Evaluation Metrics. We define three metrics (cohesion, separation and overall) to measure the quality of clustering. Given a cluster set $O = \{O_{1},...,O_{k}\}$ of N elememts, the three metrics of O are defined as follows.

$$\begin{aligned} cohesion(O)=\frac{1}{k}\sum _{i=1}^{k}coh(O_{i}),\ coh(O_{i})=\frac{\sum _{o\in O_{i},o'\in O_{i}}sim(o, o')}{|O_{i}|\cdot (|O_{i}|-1)}. \end{aligned}$$

(13)

$$\begin{aligned} separation(O)=\frac{1}{k}\sum _{i=1}^{k}sep(O_{i}),\ sep(O_{i})=\frac{\sum _{o\in O_{i},o'\notin O_{i}}sim(o, o')}{|O_{i}|\cdot (N-|O_{i}|)}. \end{aligned}$$

(14)

$$\begin{aligned} overall(O)=1-\frac{separation(O)}{cohesion(O)}. \end{aligned}$$

(15)

Obviously, the higher the overall score the better the clustering quality is.

Results and Discussions. In the experiments, we randomly selected 200 entities from our experimental dataset. For each selected entity, we empirically conducted 10 runs using four algorithms (ITCC+, ITCC, BSGP and K-means) respectively and reported the average overall.

For parameter settings, we investigated the sensitivity with respect to the disjoint clusters size k (=3, 5, 8) and the balanced parameters ($\alpha $, $\beta $, $\gamma $, $\lambda $, $\mu $). As to the parameter ($\alpha $, $\beta $, $\gamma $) in similarity Eq. (4), we set $t_{1}=(1,0,0)$, $t_{2}=(0,1,0)$, $t_{3}=(0,0,1)$, $t_{4}=(0.33,0.33,0.33)$, $t_{5}=(0.6,0.1,0.3)$ and $t_{6}=(0.3,0.1,0.6)$ in computing link similarity and class similarity. As to the parameters ($\lambda $, $\mu $) of loss in mutual information Eq. (7), we set $\lambda = \mu = 0.5$ based on equity. More parameters settings will be experimented in future work. Besides, we set the number of iterations $\tau $ = 20 which is enough for convergence [4].

From Table 2, we have the following observations. In most cases, ITCC+ outperforms ITCC, BSGP and K-means. Since the core of ITCC+ and ITCC depends on the joint probability distribution between links and classes, ITCC+ and ITCC can bring better results when the cosine similarity has higher weight (e.g., $t_{1}$ and $t_{5}$).

Efficiency Evaluation. We evaluated the performance of ITCC+, ITCC, BSGP and K-means by measuring the average execution time for varying size of entities denoted by m. We randomly selected entities from our experimental dataset. The four algorithms were implemented in Java and carried out on an Intel Core2 Quad 2.66 GHz CPU, Windows 7 with 1.2 GB JVM.
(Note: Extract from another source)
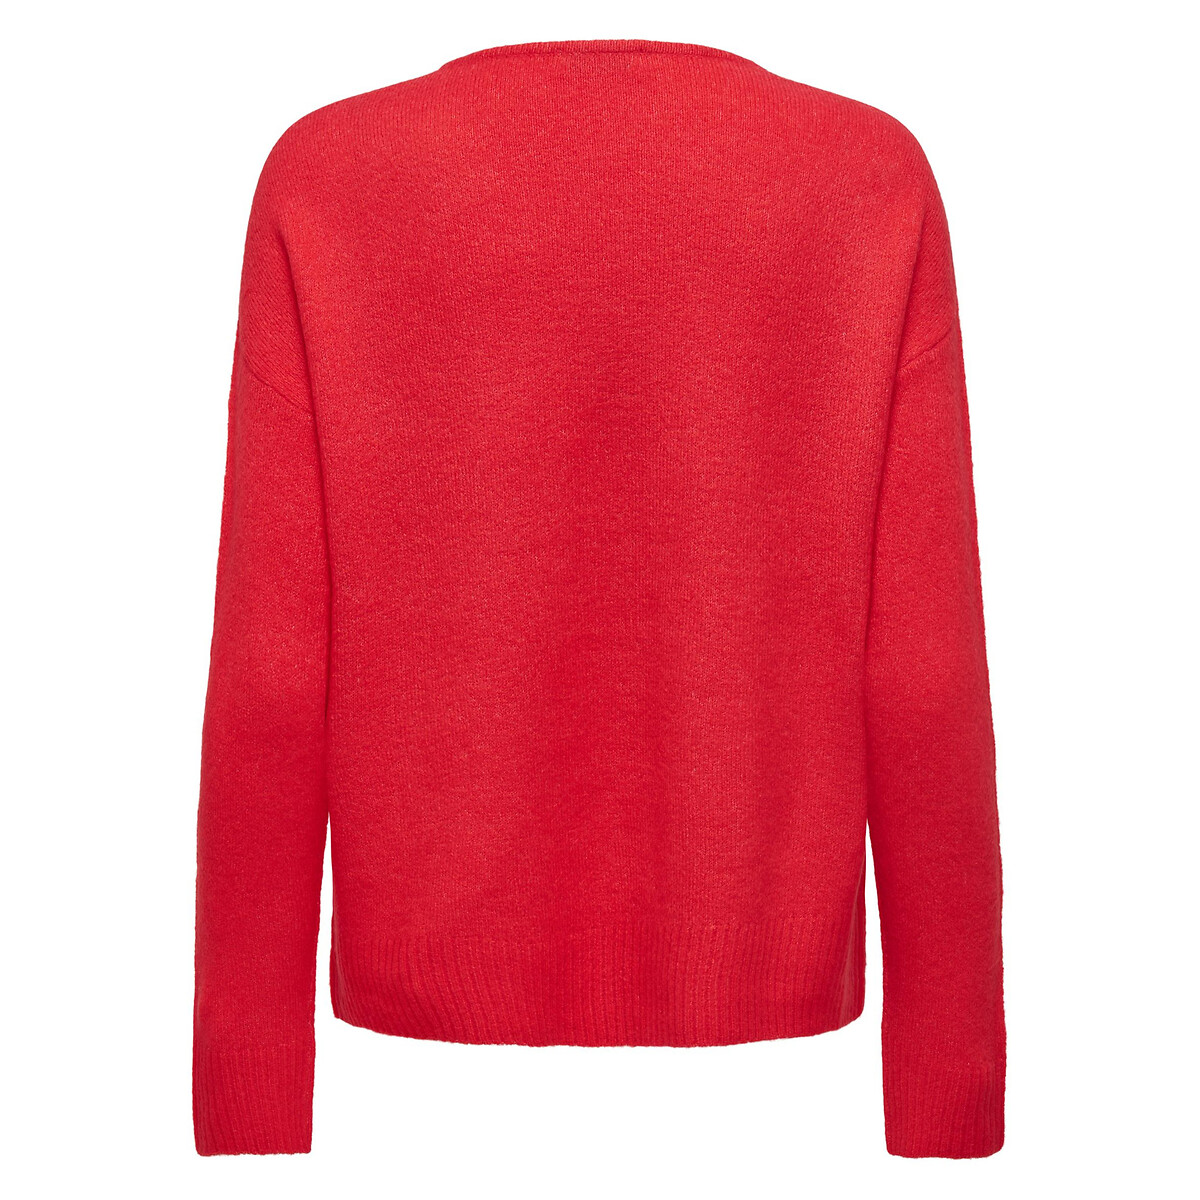 Пуловер С V-образным вырезом из пышного трикотажа S красный LaRedoute, размер S - фото 4

As can be seen from Fig. 5, the four algorithms were reasonably fast in practice. BSGP was faster than ITCC+, ITCC and K-means. ITCC+ and ITCC need multiple iterations and recompute the distributions on every iteration. Besides, ITCC+ compute the link cluster similarity and class cluster similarity respectively on every iteration.

4.2 User Study

We conducted a user study to compare our approach with two Linked Data browsers (Rhizomer^{Footnote 2}, SView^{Footnote 3}) and to evaluate the effectiveness of our approach.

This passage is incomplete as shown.